The American Enterprise Institute's assurances fill me with confidence. 

“There is no silver bullet,” said the official, Steve O’Connor, a senior vice president of the association. “There is no single solution to the housing crisis. It will take multiple tools to turn the housing market around, and it’s going to take time.”

As Bill Evolves, Mortgage Debt Is Snowballing
By VIKAS BAJAJ

When Congress started fashioning a sweeping rescue package for struggling homeowners earlier this year, 2.6 million loans were in trouble. But the problem has grown considerably in just six months and is continuing to worsen.

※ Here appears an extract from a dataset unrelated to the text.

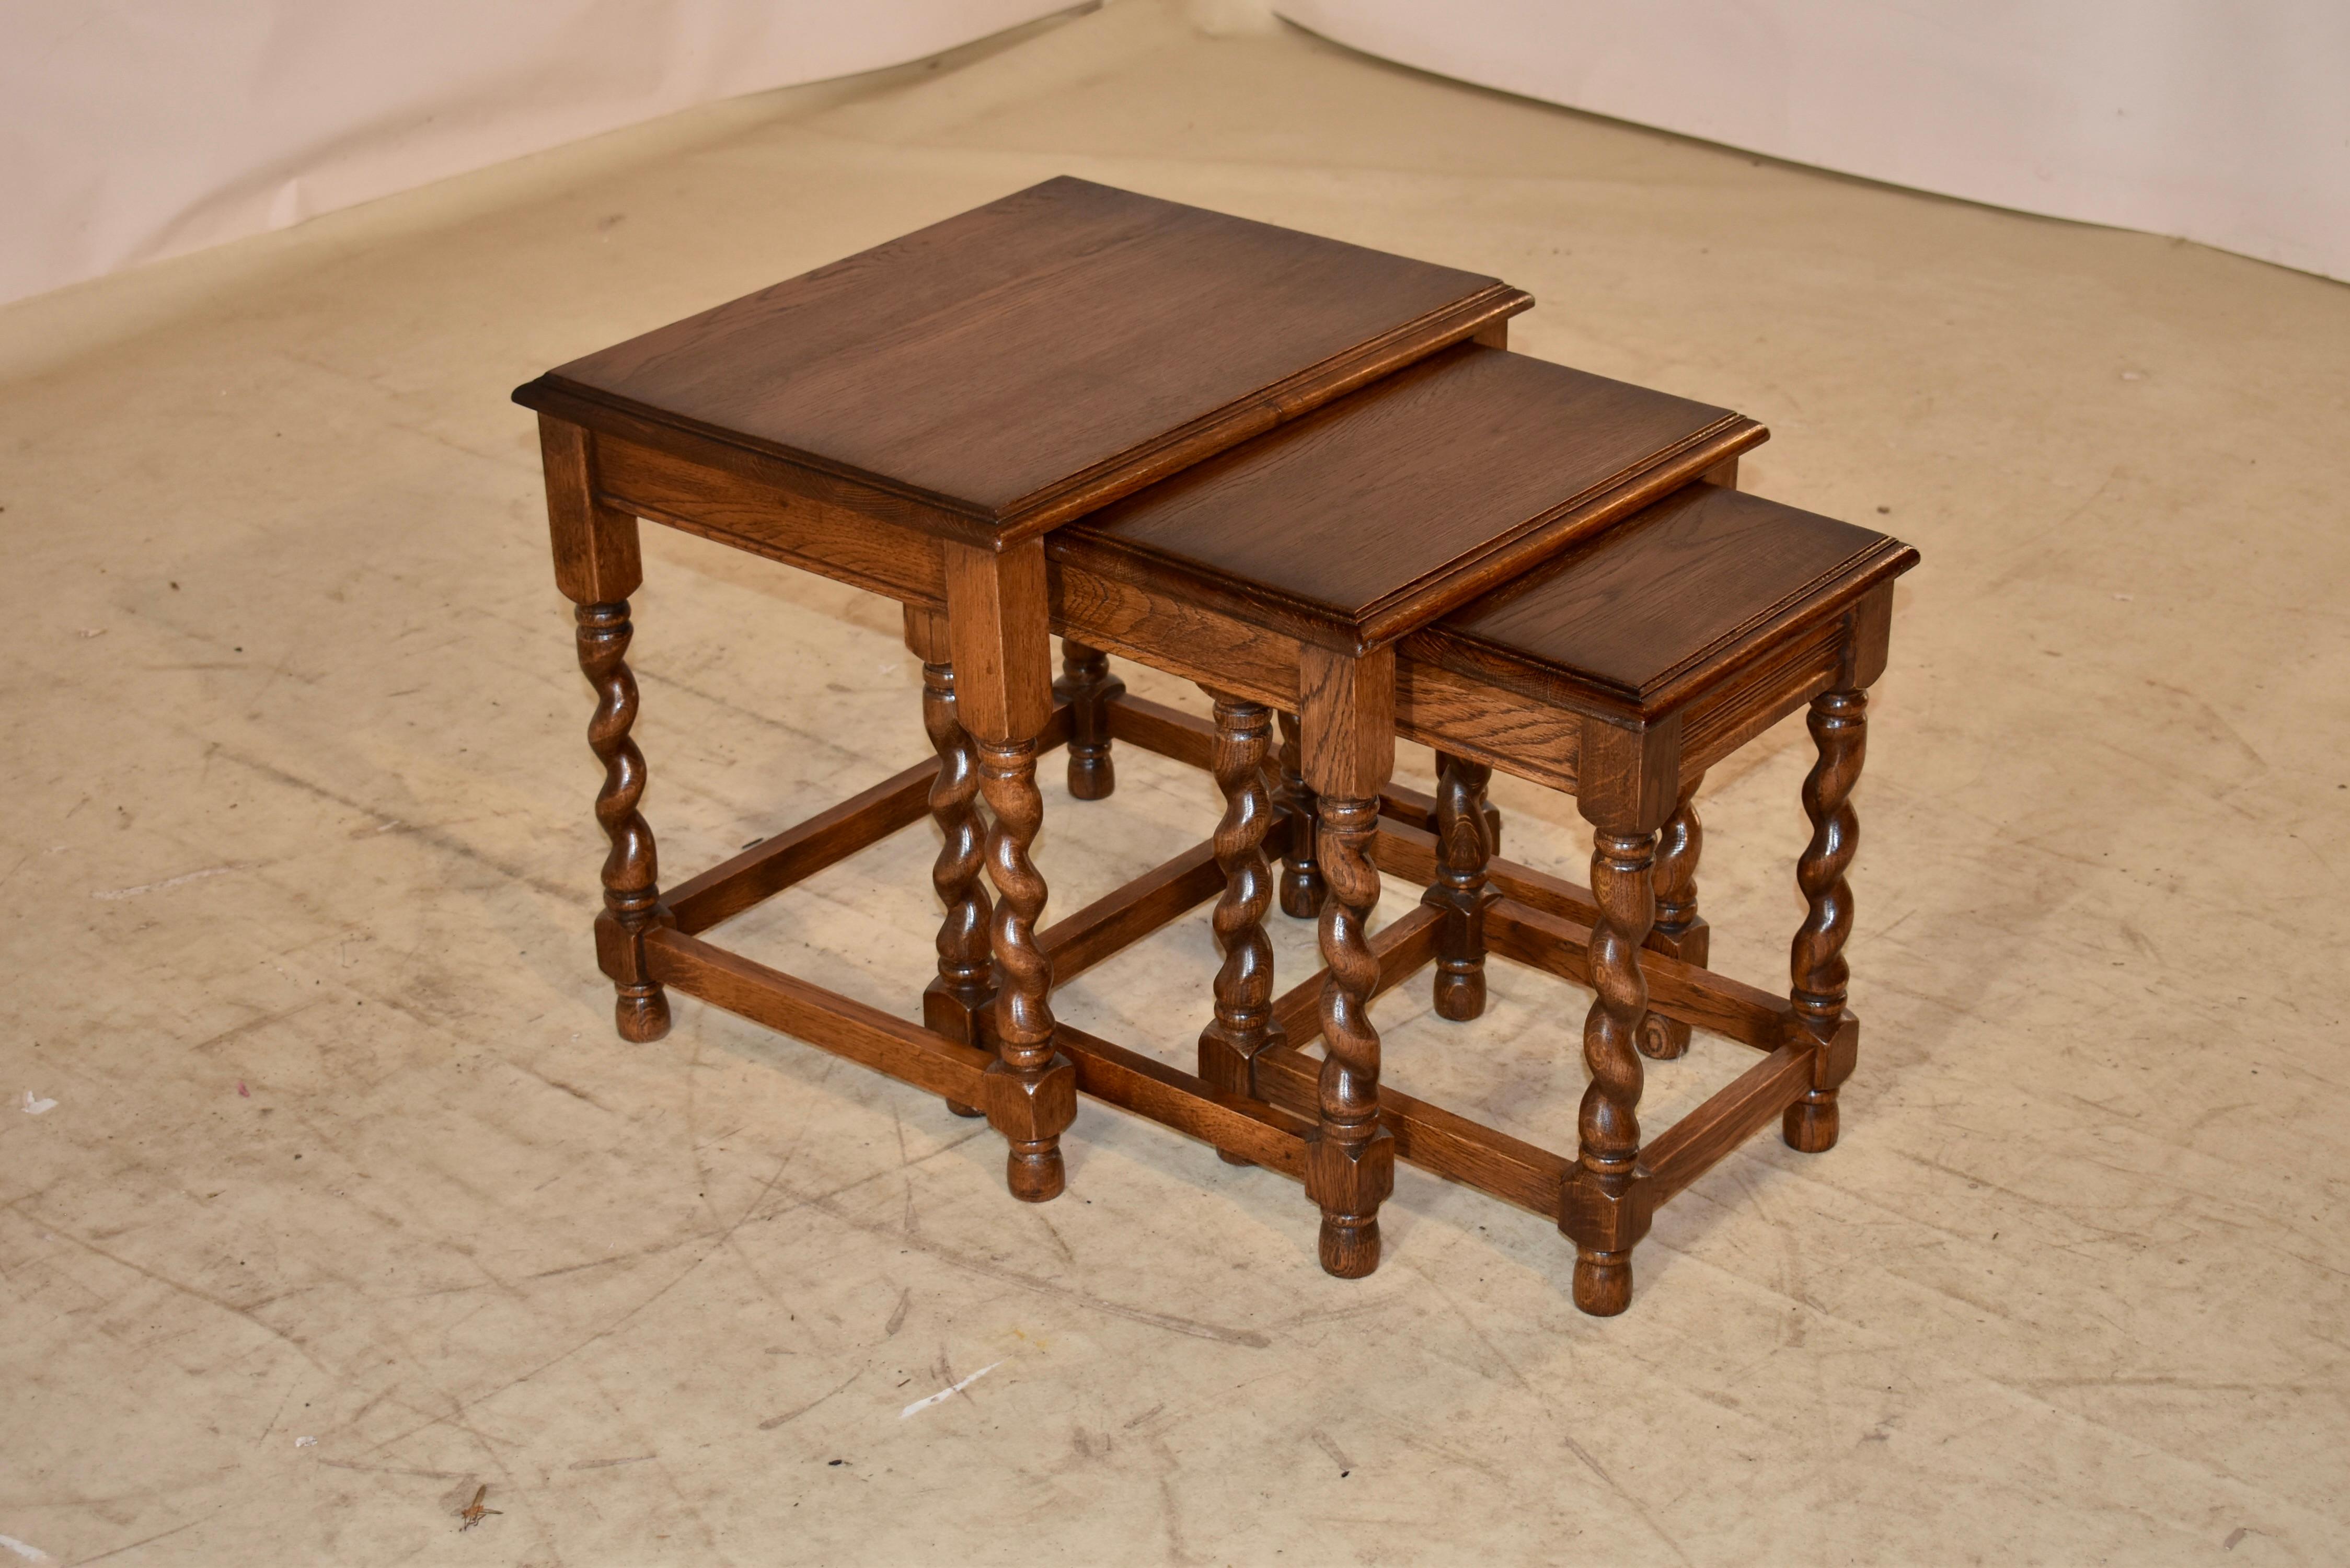 Edwardian set of three nesting oak tables from England.  The tables have beveled edges around the tops, following down to simple aprons, and are supported on hand turned barley twist legs, joined by simple stretchers.  The smallest table measures

More than three million borrowers are in distress, and analysts are forecasting a couple of million more will fall behind on their payments in the coming year as home prices fall further and the economy weakens.

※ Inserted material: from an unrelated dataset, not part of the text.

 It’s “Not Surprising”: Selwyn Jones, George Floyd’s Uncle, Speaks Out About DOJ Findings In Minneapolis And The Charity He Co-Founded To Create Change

Those stark numbers not only illustrate the challenges for the lawmakers trying to provide some relief to their constituents but also hint at what the next administration will be facing after the election. While the proposed program would help some homeowners, analysts say it would touch only a small fraction of those in trouble — the Congressional Budget Office estimates it would be used by 400,000 borrowers — and would do little to bolster the housing market.

“It’s not enough, even in the best of circumstances,” said Mark Zandi, chief economist of Moody’s Economy.com. The number of people who will be helped “is going to be overwhelmed by the three million that are headed toward default.”

Last week, the Senate voted overwhelmingly to advance the bill, and the House passed a version last month. Because of procedural delays in ironing out differences between the two houses, the Senate is not expected to pass the bill until after the Fourth of July recess.

The bill would let lenders and borrowers refinance troubled mortgages into more affordable 30-year fixed-rate loans that are backed by the government. Democratic leaders say Congress could send something to the president next month.

The White House, which initially threatened to veto the measure, has indicated that it is open to supporting the bill if certain provisions are removed.